В натянутой на лицо-расстройство маске вежливой улыбки я пожала руки всем присутствовавшим и, как Элвис, собралась покинуть здание. В предбаннике, в глубине всеобщей дремоты и залипания в телефоны сидели все те же: самбистки, культуристки, Одичалая и последняя, не проявившая ни малейшего участия в нашей кампании по изменению себя.

– Ну, как? – встала с дивана и спросила Одичалая.

Я расстроенно пожала плечами, подала ей ладонь для рукопожатия, однако она взяла и по-мужски приобняла меня, пожелав удачи. Тут подбежала Алена-блонди и защебетала благодарности за то, что я приехала. Однако я быстро пресекла этот льстивый поток речи, обрубив:

– Ален, спасибо тебе огромное, но я не дура и все поняла. Спасибо, что смотрела мои видео и была на связи! По крайней мере, я попробовала! Прощай, не провожай! – остановила я плечо в плечо идущую со мной по советскому коридору.



И несмотря на весь свой напыщенный маникюр, надутые ботоксом губы, яркий вызывающий наряд, она произнесла важную вещь:

– Юлек, отчаиваются только слабые, а ты не слабак! Все наладится! – И вновь прильнула ко мне всем телом, по-женски обняв за плечи и оставив на щеке след красной помады.

Я спустилась вниз, туда, где оставила своего друга, четырнадцать лет назад присутствовавшего при моем избиении на глазах у беременной матери. Возможно, именно поэтому он до сих пор был со мной. Ник сидел на ступенях у входа, охранник так и не пустил его в закуток коридора, где стояло кресло. Прислонившись головой к стене, в наушниках, мерно дышал в дремоте на потоках сквозняка, бессильного сбросить его куда-либо – в реку или назад на мост. Я сравнялась с ним и села на ступенях рядом, слушая, что в наушниках играл Oxxxymiron. Как он смог заснуть под этот вымудренный рэп – загадка. Я посмотрела на его покрытый щетиной профиль и вспомнила того щеночка, стоявшего в незнании, что делать со мной и с гопниками.

– Ник! Подъем! Элвис покинул здание! – бодро сказала я, несмотря на витиеватые ноты расстроенного голоса, и смачно хлопнула его по плечу.

Он всполошился и опрокинулся назад под действием импульса приложенной мной силы. Может быть, и со мной было так же на том мосту, просто я не разглядела ладонь?

– Мать, твою мать! Чо так пугаешь! Я думал, тебя уж там расчленили! Четыре часа, е-мае, нам уезжать уж скоро! Хотел через полчаса уже рваться искать тебя в этом кишечнике Останкино. Ну, чо, как прошло, что было?

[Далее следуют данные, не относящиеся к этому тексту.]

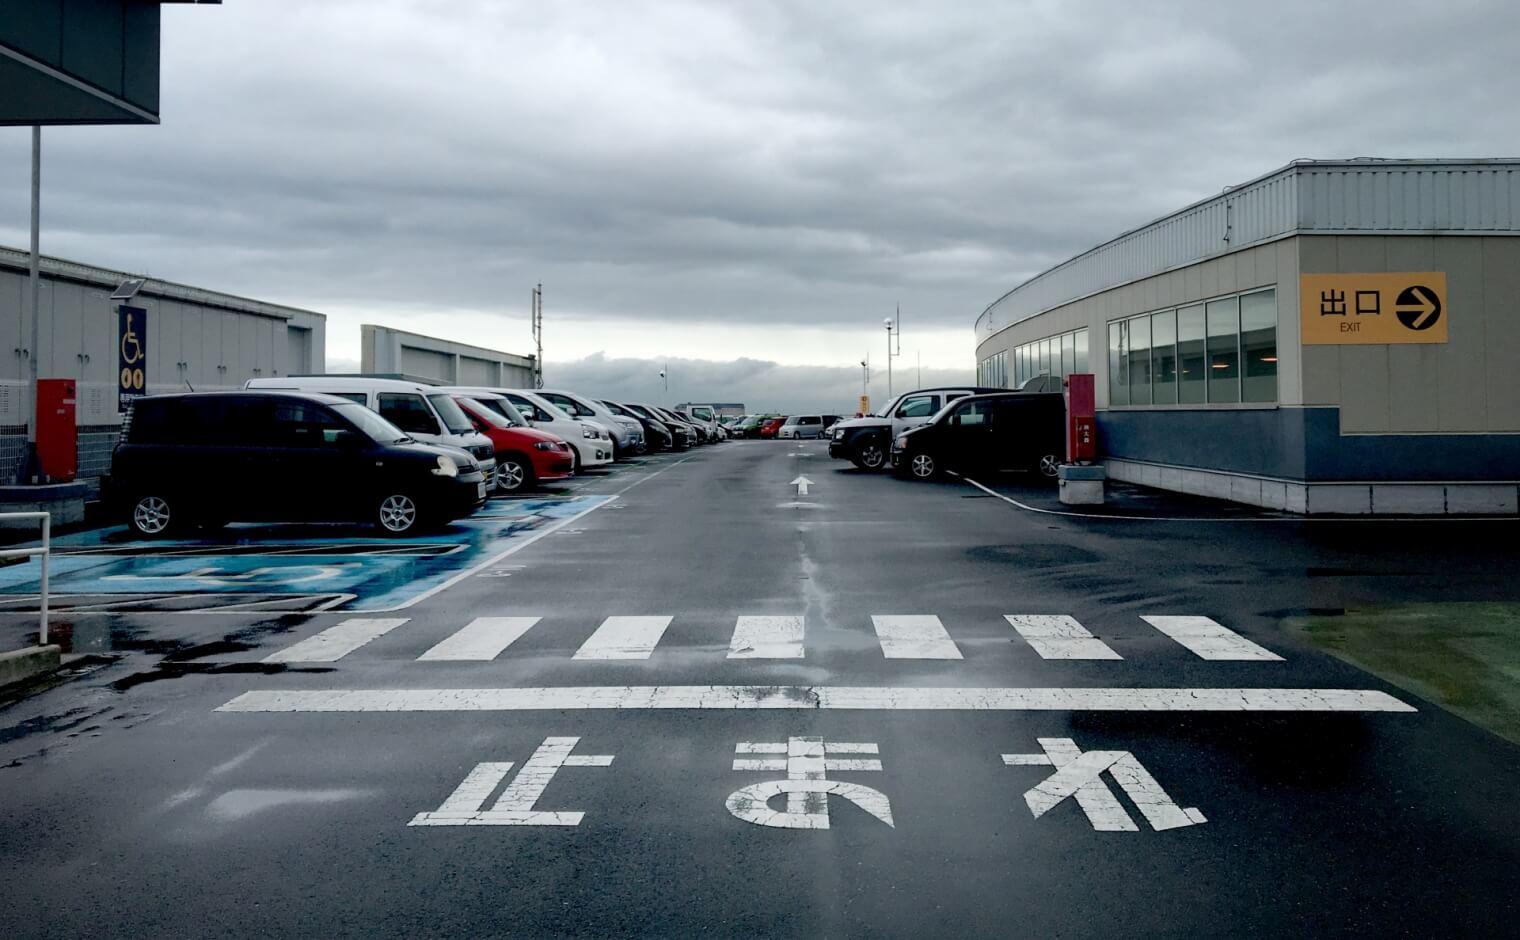 駐車場の止まれ

Мы одновременно встали и проложили путь по навигатору сначала на Красную площадь, потому что Ником двигало стремление найти на ней шаурму, в успешности чего я сильно сомневалась. А затем – на вокзал, где шансы найти шаурму были явно выше, однако, как оказалось в итоге, ни там, ни там ее и за сотню метров не было, поэтому перед самым отправлением поезда пришлось забраться в какие-то чащи за Ленинградским вокзалом и найти тот самый пункт с «пищей Богов», как он называл этот сверток мяса, капусты и теста. На Красной площади Ник сел на корточки и попросил его сфоткать в такой позе. Я же встала на фоне главной башни с часами и засунула руки в карманы, стиснув желваки так, как это делал мой отец. Во время моего первого визита в Москву отец сделал мне точно такое же фото, однако на нем я была гораздо веселее, пусть все с тем же хвостом длинных волос, сыгравших роковую роль в кастинге. В 10 лет я указывала рукой на башню, искренне радуясь своему присутствию в том времени и в том месте, по прошествии 14 лет я стояла в костюме со сжатыми в брюках кулаками, разочарованная своим кастингом и не знающая, что будет дальше.

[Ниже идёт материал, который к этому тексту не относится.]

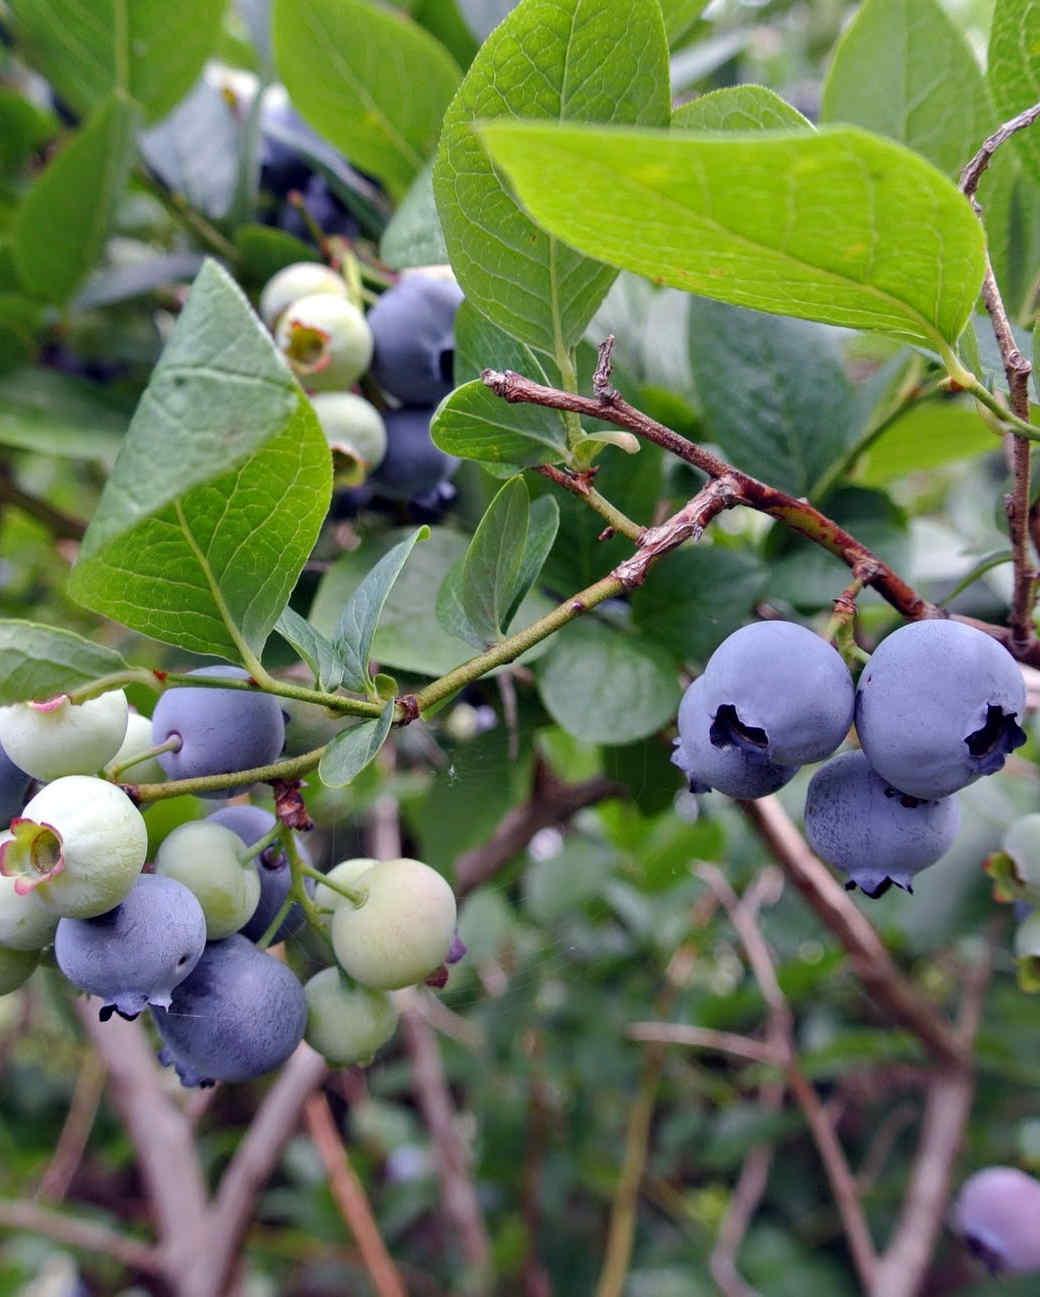 picking-blueberries-01.jpg

По дороге я рассказала Нику обо всем и сделала такое же заключение, что озвучила и Алене. Для меня все было очевидно, и на фоне той девочки, которой сразу сказали, что купили билет и которая уверенно заявила: «До скорой встречи!» – такое прощание со мной означало лишь одно: спасибо за визит, на связи!

– Мать, вот любишь ты расстраиваться раньше времени! Они же не сказали, когда перезвонят, вот и жди!

– Мужик, я всю жизнь чего-то жду, меня достало ждать этого мифического чего-то! Окончания школы, окончания института, окончания первой работы, второй работы, третьей работы; первого запоя, второго зожа, третьих отношений; первого вывиха, второго затягивания раны, третьей попытки суицида… – Тут я остановилась, потому что Ник резко остановился и схватил меня за плечо.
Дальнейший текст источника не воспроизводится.